Article 5-Pilled in a Time of Global Anxiety
Direct NATO involvement against Russia would feel like arelief, until it didn't.
"At worst, Mars or the OPA would make a statement by throwing a rock or a handful of nuclear warheads at the station. Or by blowing a fusion drive on a docked ship. If things got out of hand, it would mean six or seven million dead people and the end of everything Miller had ever known.
Odd that it should feel almost like relief.
For weeks, Miller had known. Everyone had known. But it hadn't actually happened, so every conversation, every joke, nod, and polite moment of light banter on the tube had felt like an evasion. He couldn't fix the cancer of war, he couldn't even slow down the spread, but at least he could admit it was happening." - James S. A. Corey, Leviathan Wakes.

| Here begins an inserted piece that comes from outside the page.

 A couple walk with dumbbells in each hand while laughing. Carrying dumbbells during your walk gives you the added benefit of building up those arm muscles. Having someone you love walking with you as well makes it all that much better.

I can relate to this passage.
Watching Russia's war in Ukraine over the past few months, there have been moments when I've felt a fairly deep anxiety about the potential for a full-scale mobilization of NATO forces against Russia. First, on March 10th, a Russian drone carrying explosives crashed in Zagreb. Then, on March 13th, Russian missiles struck within 15 miles of the Polish border. And more recently, with the capture, show trial, and death sentence of British nationals Aiden Aslin and Shaun Pinner - as well as the even more recent capture of US nationals Alexander Drueke and Andy Huynh. So, reading this line in Leviathan Wakes, I felt a sense of familiarity.
It's not that I want an escalation in the war. I genuinely don't.
Anything expanding or extending the brutal and devastating war in Ukraine would be a horrific turn of events for all involved.
But it's hard not to feel a little Article 5-pilled as this war grinds on, with NATO shipping in weapons systems and munitions and fighting the war without doing any of the fighting.
NATO member states have made no bones about supporting Ukraine's fight against the Russian invasion.
But without direct involvement, this support feels evasive and even somewhat dishonest.
So, against my better morality, I am gripped by a sense that triggering the worst conflict seen in eighty years might, in some ways, feel relieving. If only for a day. The next day would almost bring new anxieties of a higher order of magnitude from my present feeling altogether. Knowing this, I stick to my hope that a full-fledged war between NATO and Russia does not break out due to events in Ukraine. I hope this for the sake of us all.